Description of the task:
Below are entries. Give back exactly the lines from the one containing "Toyota JPP RAV4" through the one containing "Henry Ford,1900's formal", inclusive, without the pictures.

Supplied information:
▼

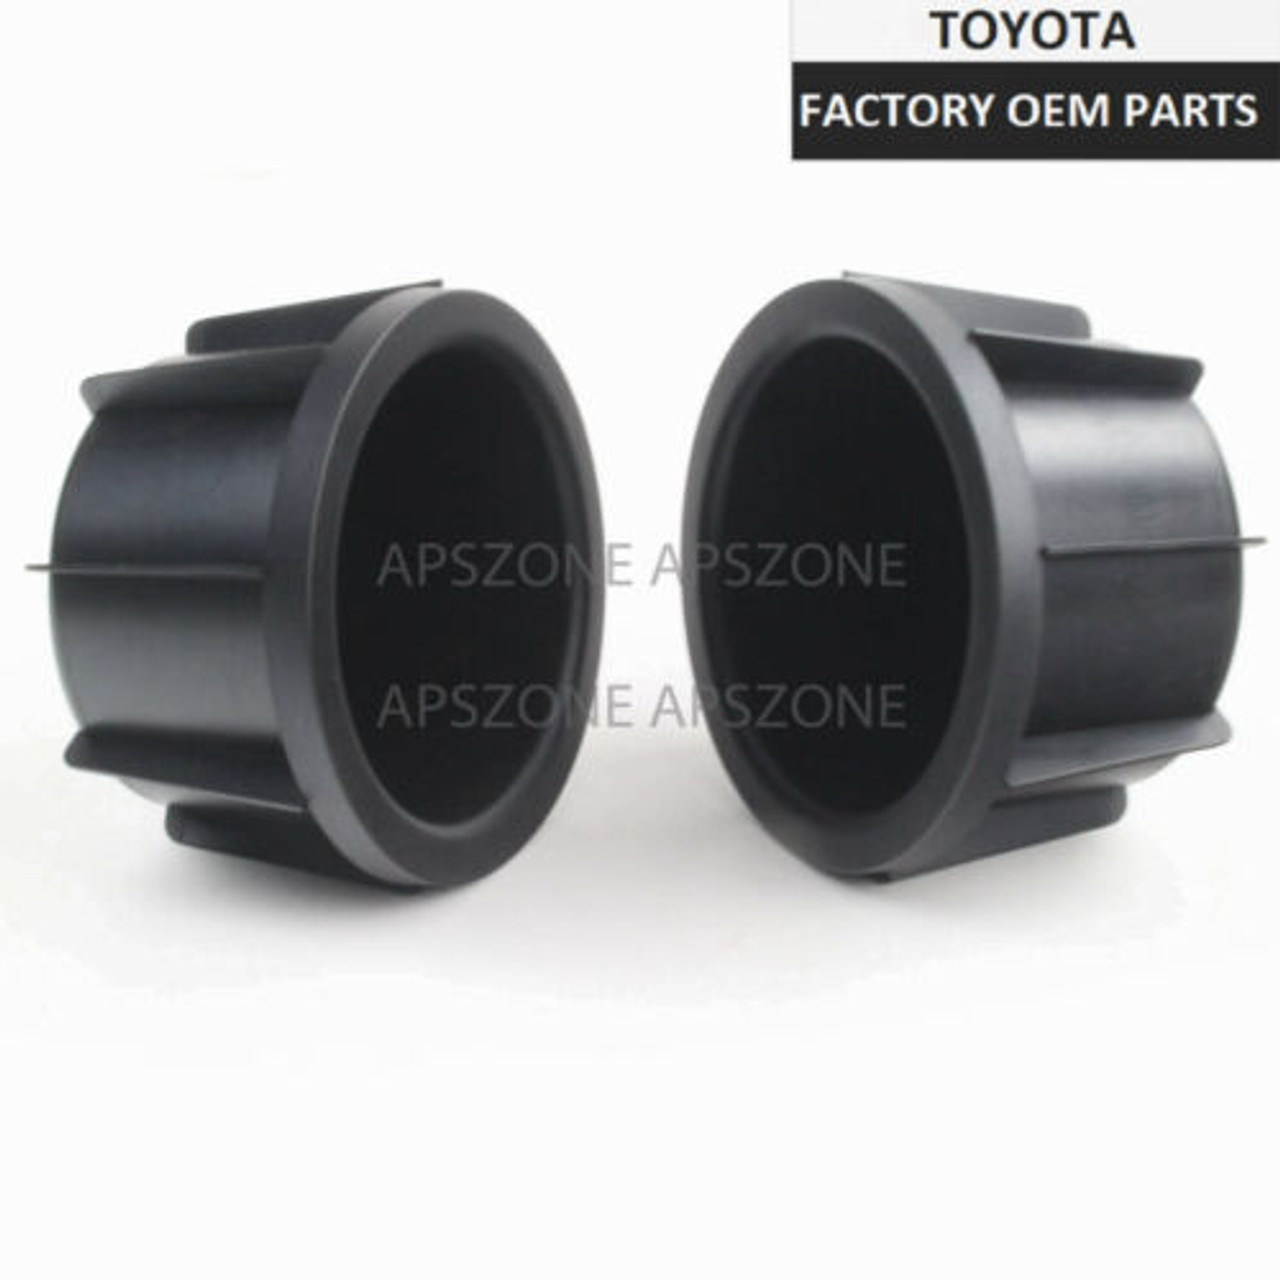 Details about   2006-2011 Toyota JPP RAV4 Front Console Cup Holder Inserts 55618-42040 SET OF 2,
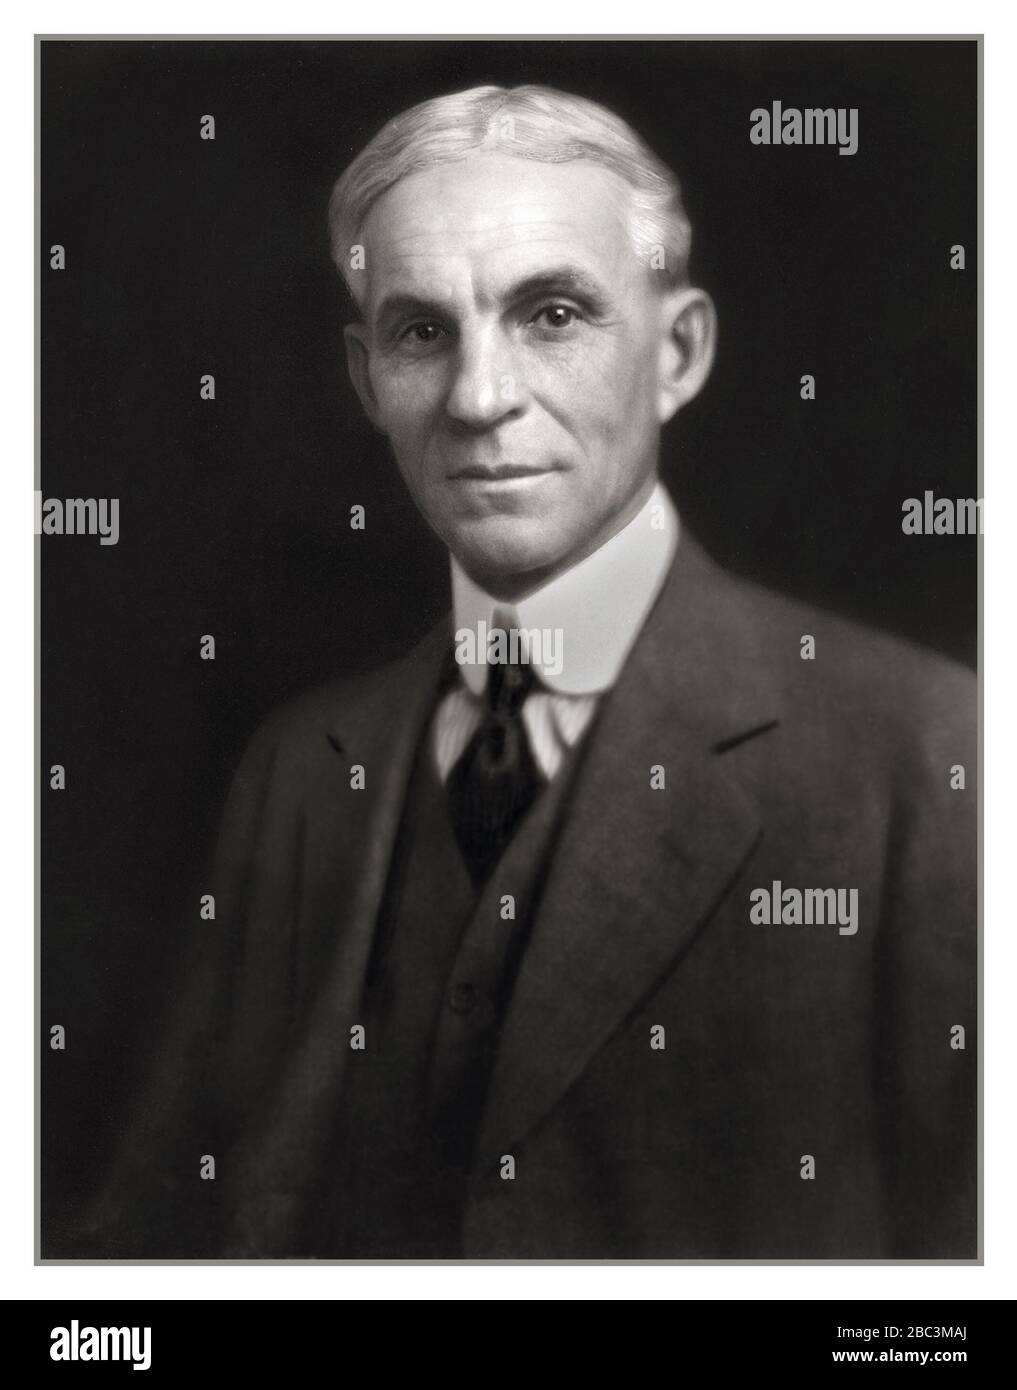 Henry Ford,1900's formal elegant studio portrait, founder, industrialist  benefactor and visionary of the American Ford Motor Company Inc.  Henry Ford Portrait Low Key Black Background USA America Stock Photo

▲
▼

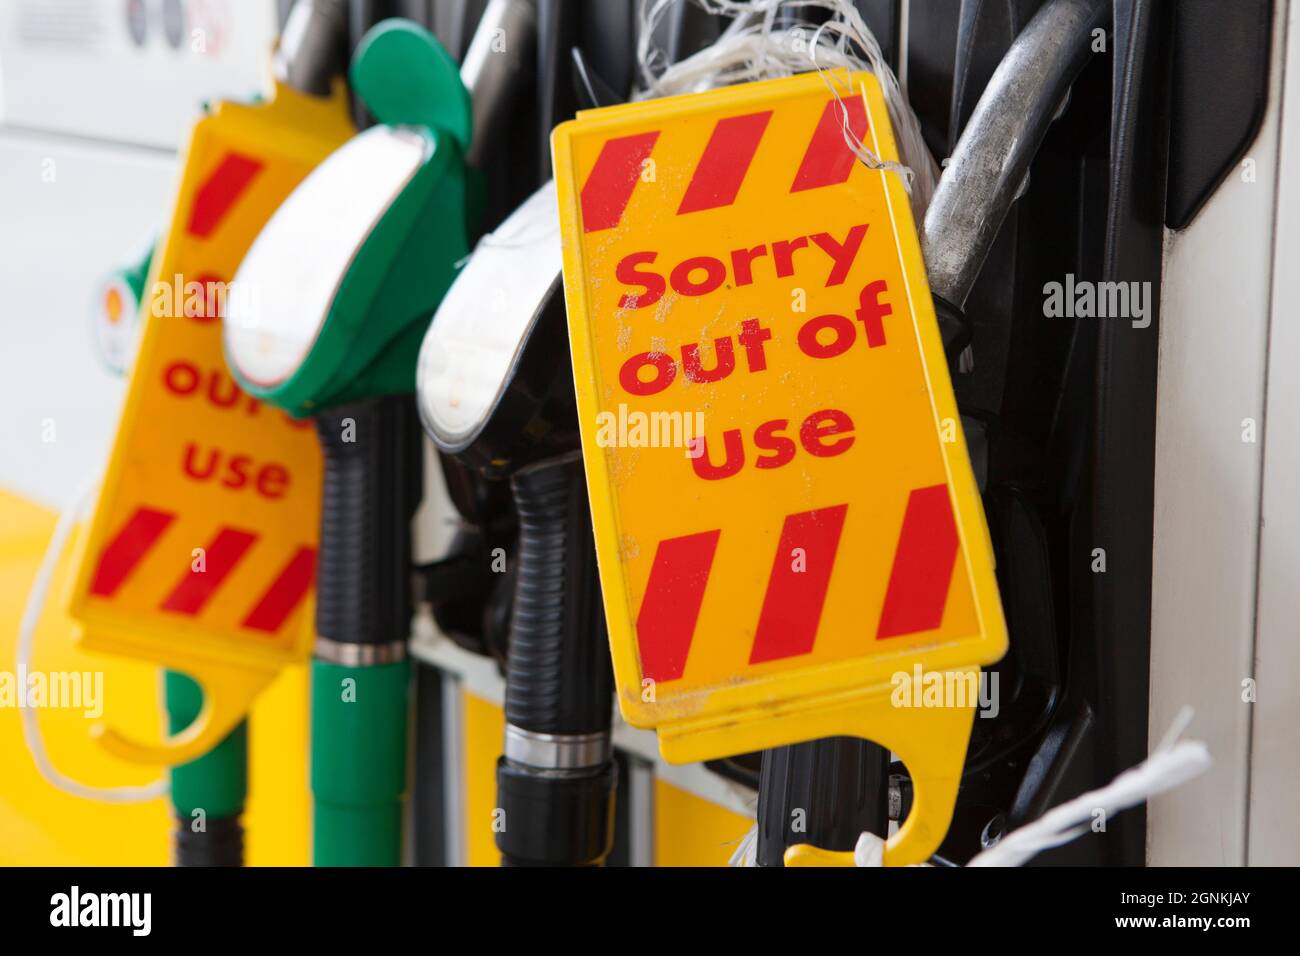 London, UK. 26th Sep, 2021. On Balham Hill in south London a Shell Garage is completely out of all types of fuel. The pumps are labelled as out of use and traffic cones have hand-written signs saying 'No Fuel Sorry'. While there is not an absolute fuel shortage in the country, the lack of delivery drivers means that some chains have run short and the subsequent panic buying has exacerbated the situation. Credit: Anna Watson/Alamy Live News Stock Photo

▲
▼

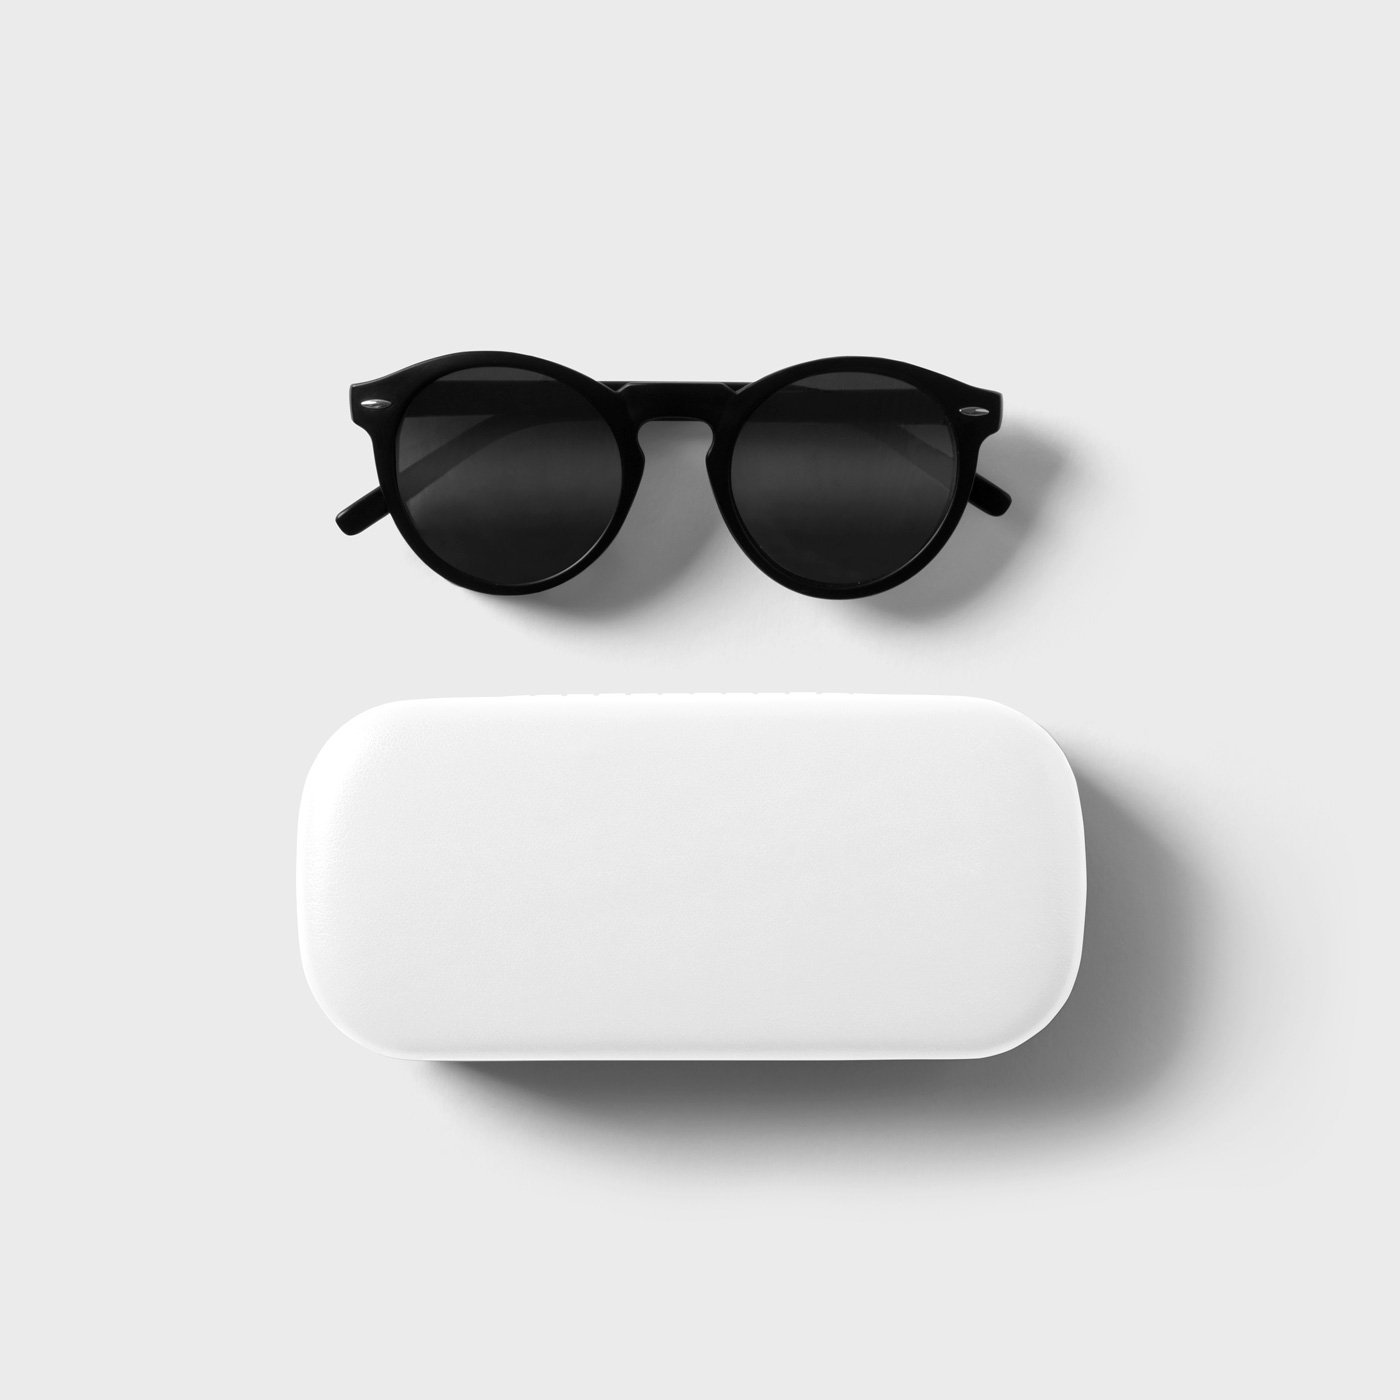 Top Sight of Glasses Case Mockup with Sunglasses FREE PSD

▲

Solution for this task:
 Details about   2006-2011 Toyota JPP RAV4 Front Console Cup Holder Inserts 55618-42040 SET OF 2,
 Henry Ford,1900's formal elegant studio portrait, founder, industrialist  benefactor and visionary of the American Ford Motor Company Inc.  Henry Ford Portrait Low Key Black Background USA America Stock Photo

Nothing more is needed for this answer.